For many in the crypto community, centralized exchanges are the thorn in the hoof of a truly trustless system of digital currency. Whilst the blockchain tech which underlies crypto assets provides excellent security credentials, the exchanges where those assets are bought and sold are vulnerable to attack in just the same way as traditional financial institutions. The exchanges are the trusted third party which the immutability of the blockchain is supposed to render obsolete. So Binance’s unveiling of an early version of their decentralized exchange (DEX) will have many in the space sitting up and taking note.
The world’s leading crypto exchange performed the first public demo of their DEX platform, dubbed “Binance Chain”, earlier this week. During the demo an engineer displayed functionality including the creation of a new crypto token and the listing of it on the exchange, and then created and filled an order using two laptops connected to the Binance Chain network.

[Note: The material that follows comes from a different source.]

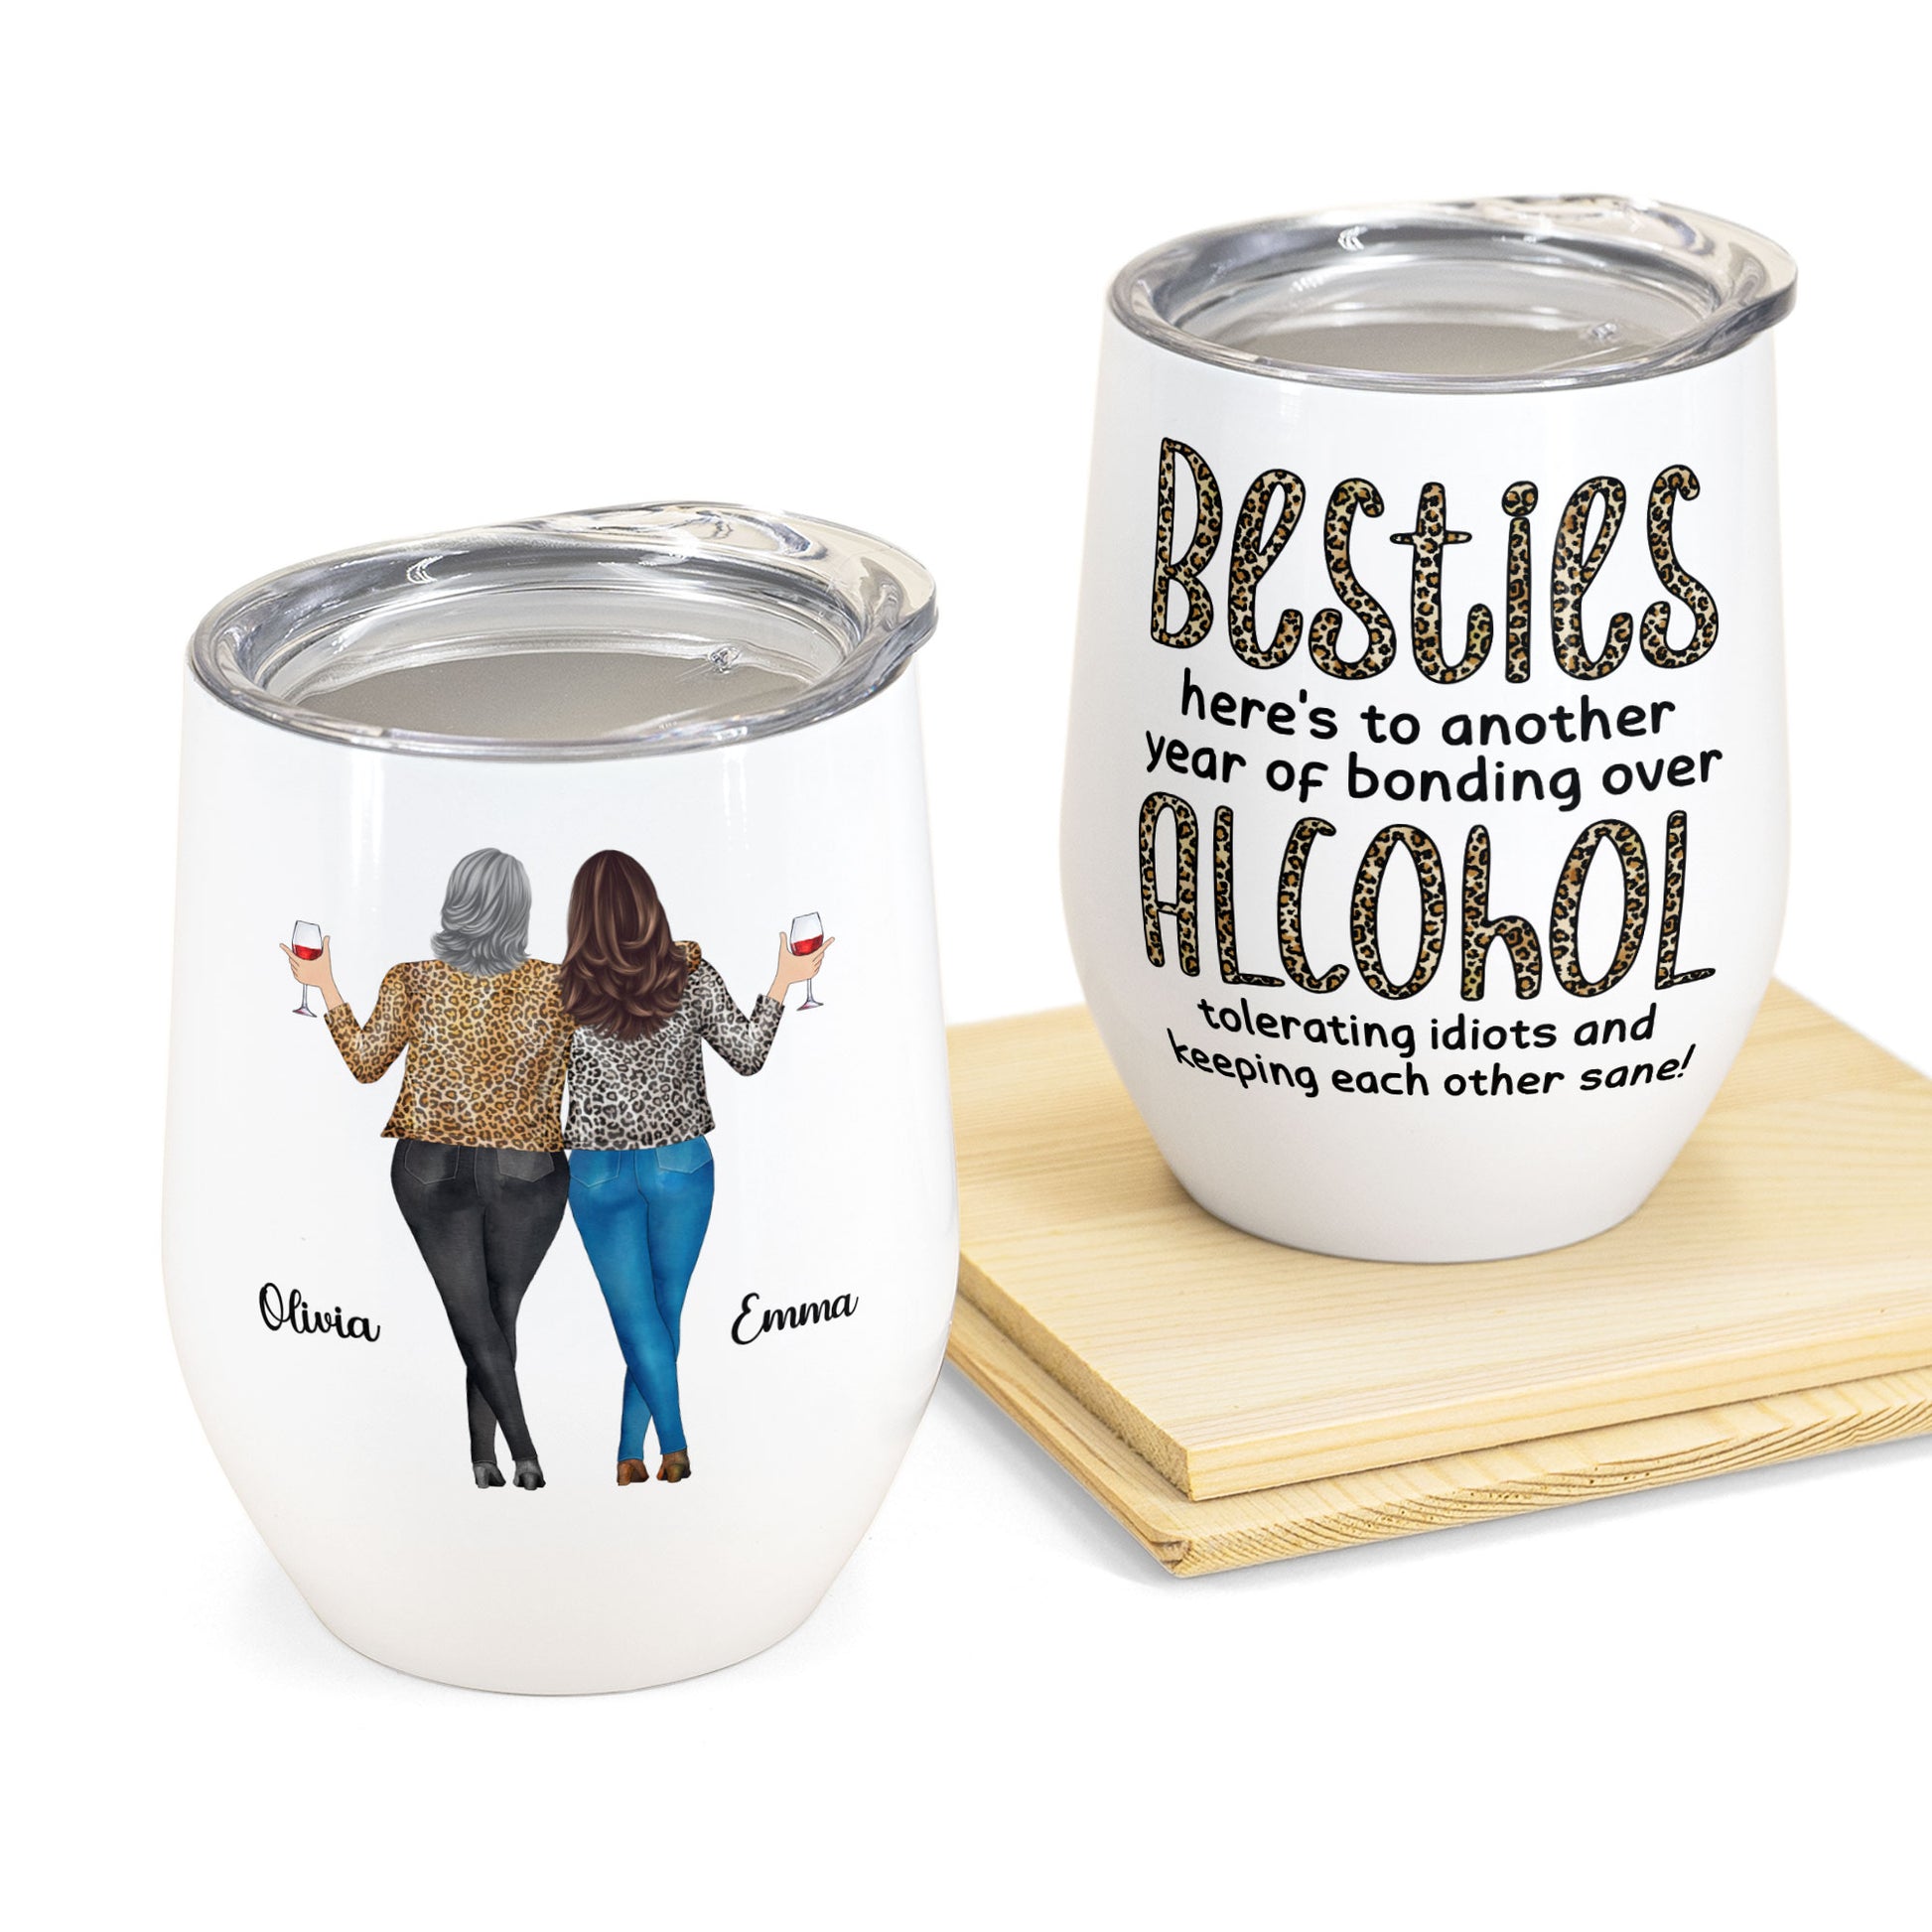 https://macorner.co/cdn/shop/products/Besties-Alcohol-Tolerating-Bonding-Over-Keeping-Each-Other-Sane--Personalized-Wine-Tumbler-Birthday-New-Year-Gift-For-Besties-Soul-Sisters-Sistas-BFF-Friends-Leopard-Pattern-Jacket-Wo_8a2dc7c1-e92a-4f65-971c-20584de95857.jpg?v=1639972748&width=1946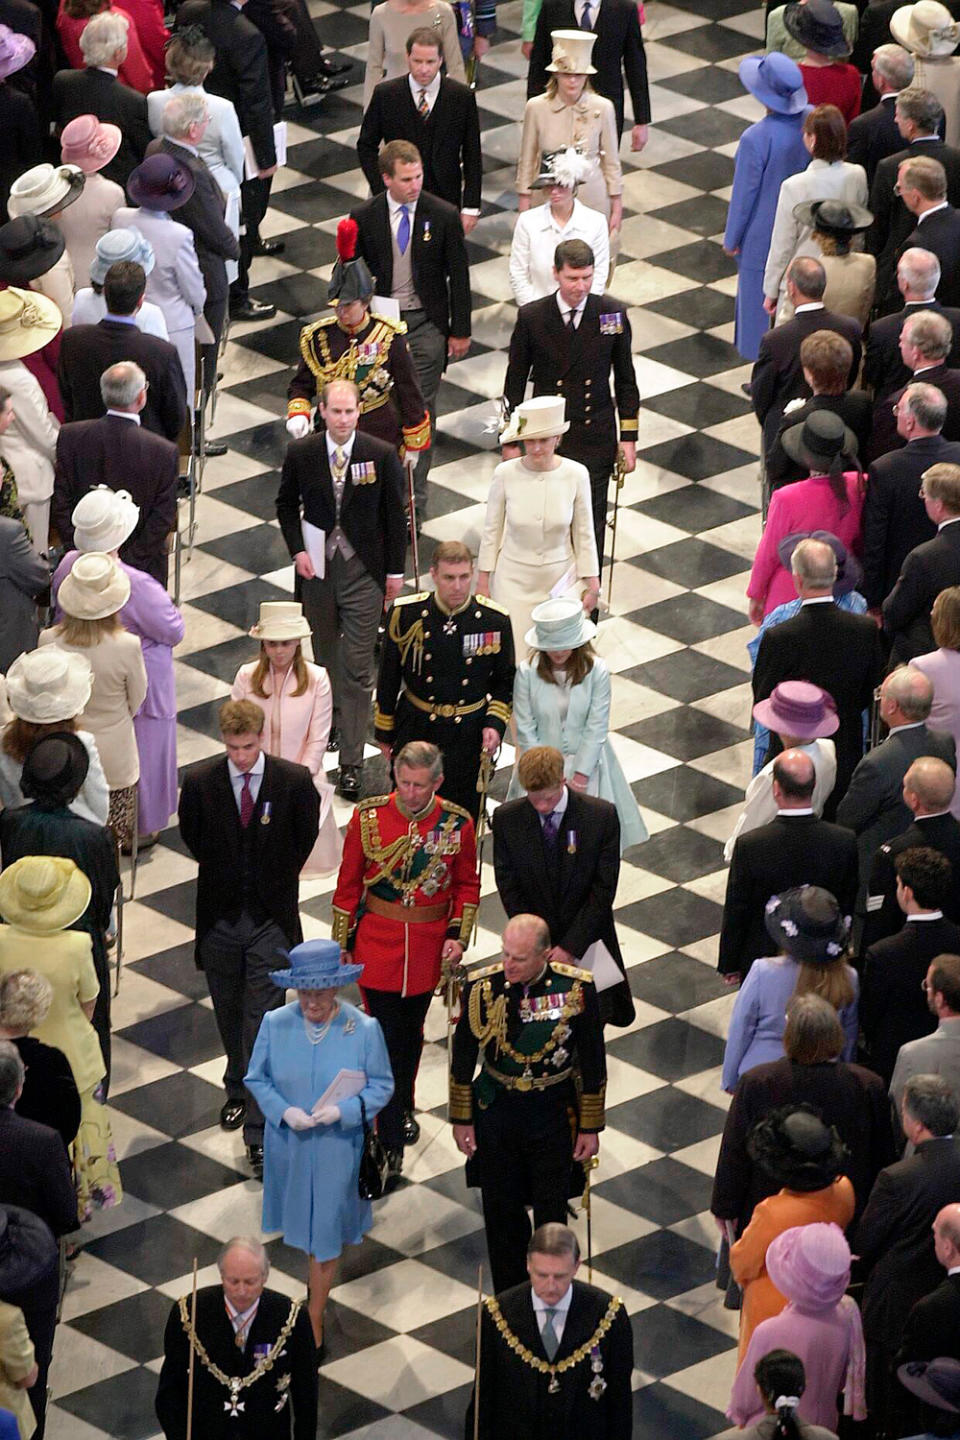 2002: The Royal Family at St. Paul's Cathedral

The processes were demonstrated using a command line interface rather than a graphic interface since the exchange is still in a “pre-alpha” phase of development, but the functionality is clear to see.
Of course Binance isn’t the first to offer a crypto DEX. Waves, IDEX and CryptoBridge are just three projects which already have platforms up and running, but many of these existing platforms have been criticised for maintaining a degree of centralization or due to security-related failures, and indeed Waves was hacked just last month after a high-profile launch. There are also some serious projects with products in development including 0x (ZRX) and OmiseGo (OMG), whilst OKEx and Huobi also have DEX platforms in the pipeline. It’s a crowded market, but with an unrivalled track record, surely few would bet against Binance Chain taking a significant slice of this lucrative pie.